Distribution of alternative 5′-splice sites relative to the dominant splice site. (A) The frequency of alternative 5′-splice-site activation is shown in nucleotide resolution. The Y-axis indicates the number of alternative splice sites. The X-axis indicates the nucleotide distance between alternative and dominant splice sites. Alternative 5′-splice sites upstream from the exon/intron boundary are denoted as negative, those downstream are positive. (B) The probability that a GU is activated as an alternative 5′-splice site is plotted as a function of nucleotide distance from the dominant splice site. Each point was calculated by dividing the number of alternative splice-site usage events at a particular distance from the dominant splice site by the total number of times GU occurs at that same distance from splice sites within the human genome (∼125,000 exons). The Y-axis is shown in log scale. The asterisk at the −4 position denotes that the probability calculation at this position does not include the probability of 0.016 that a GC dinucleotide is used as a splice donor, which accounts for 46% of all events at this position.

FIGURE 2.

FIGURE 2.

Alignment of alternative 5′-splice sites. (A) Sequence context around dominant and alternative 5′-splice sites. (B) Comparison of the nucleotide bias of constitutive 5′-splice sites (∼125,000 exons) with alternative splice-site activation at positions −4 and +4. The green bars indicate exon sequences of the dominant splice site. The red dashed bars designate exon sequences of the alternative splice site. The numbers to the right indicated the sample size used to generate the sequence pictograms.

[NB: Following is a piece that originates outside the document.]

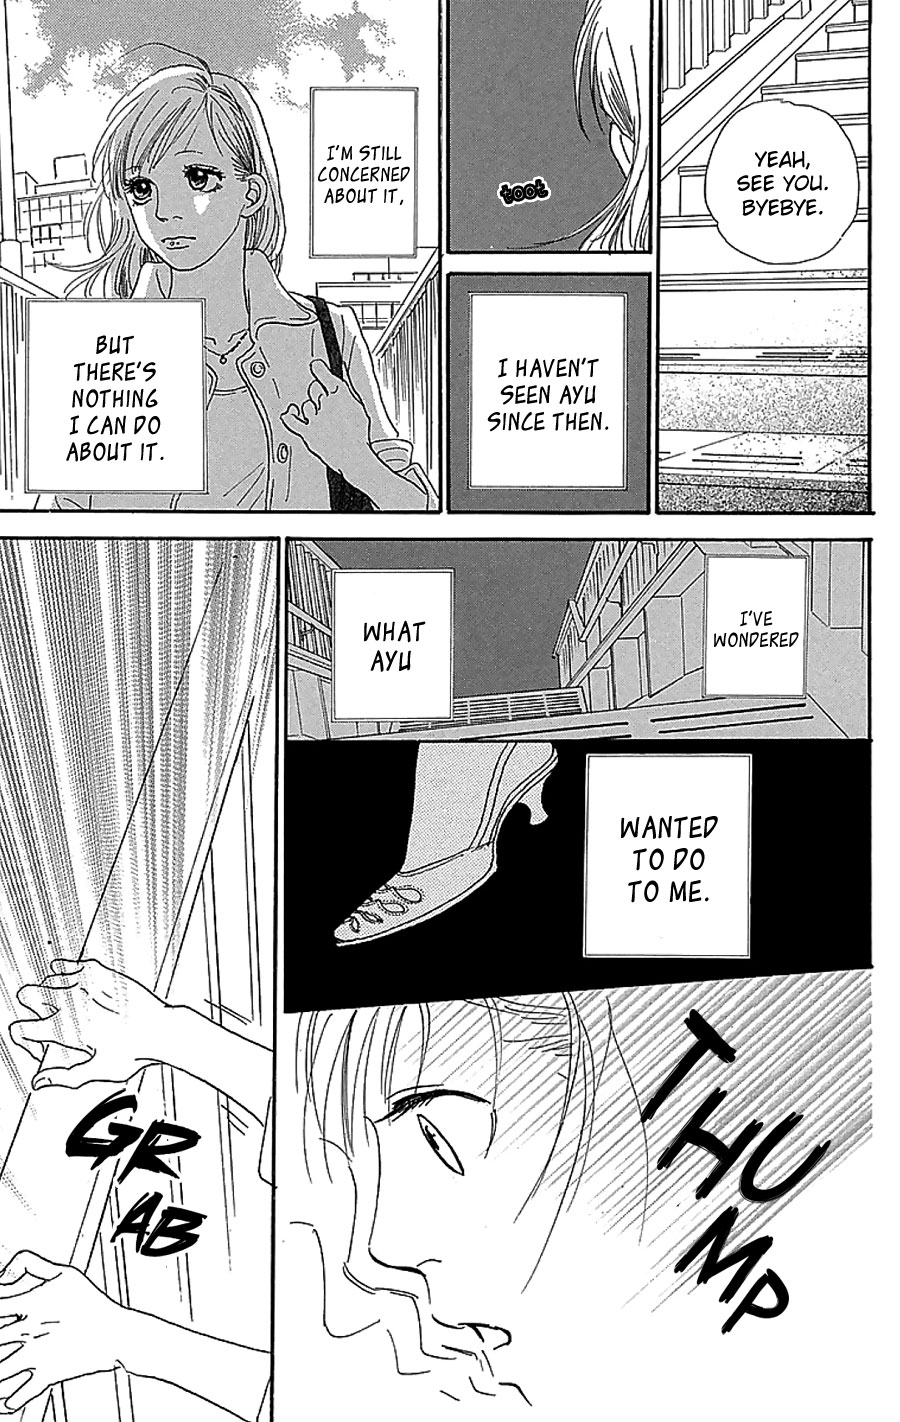 Present Vol. 1 Ch. 3 There's Something I Want To Ask You

It is possible that alternative 5′-splice-site selection +4 or −4 nt from the dominant splice site results from overlapping U1 snRNA binding sites, or from differential interactions of U6 snRNA with the 5′-splice site, as recently described (Brackenridge et al. 2003). To evaluate these possibilities, we computed the U1 snRNA and U6 snRNA base-pairing potential for each alternative splice site. The differences in base-pairing potential were then compared with corresponding values generated from 20,000 randomly selected constitutive 5′-splice sites. On average, no significant differences in the U6 snRNA binding potential were observed between alternatively and constitutively spliced 5′-splice sites (Table 1). In contrast, when compared to the control group, our base-pair interaction analysis shows that the strength of U1 snRNP interaction in the +4 or −4 position is significantly stronger for alternatively spliced examples (p < 0.000001). On average, a difference of four to five hydrogen bonds is observed between alternative and constitutive 5′-splice sites (Table 2). Although we cannot exclude the possibility that differential U6 snRNA alignment promotes the selection of alternative 5′-splice sites for certain exons, the results of this comparative analysis suggest that the most common mechanism of alternative 5′-splice-site activation is based on differential U1 snRNA binding.

TABLE 1.

U6 snRNP binding potential with overlapping 5′-splice sites

graphic file with name 2047tbl1.jpg

TABLE 2.

U1 snRNP binding potential with overlapping 5′-splice sites

graphic file with name 2047tbl2.jpg

Surprisingly, 46% of the alternative 5′-splice sites located 4 nt upstream from the dominant splice site contain a G in their +1 position and a C in their +2 position instead of the canonical GU (Fig. 2B). This is a highly significant enrichment considering that only 0.37% of constitutive splice sites utilize a GC in their +1/+2 position (p < 0.0000001). Previous studies demonstrated that a GU at the exon/intron junction can be replaced by a GC and still allow accurate cleavage, however, at considerably slower rates (Aebi et al. 1987). Thus, it is plausible that a GC at the alternative splice site may create a kinetic advantage for splicing to the dominant splice site. Sequence analysis of all internal exons indicates that GC dinucleotides at positions −4/−3 relative to the dominant 5′-splice site are five times more likely to occur than GU dinucleotides. The probability of GU dinucleotides to occur at other upstream positions within the exon is 4%–5%. However, at the −4/−3 position, GU dinucleotides are observed with only a 1.4% probability. In contrast, the probability of GC in the −4/−3 position is increased from 6% to 8.4%. Therefore, it seems that GU dinucleotides are selected against at the −4/−3 position.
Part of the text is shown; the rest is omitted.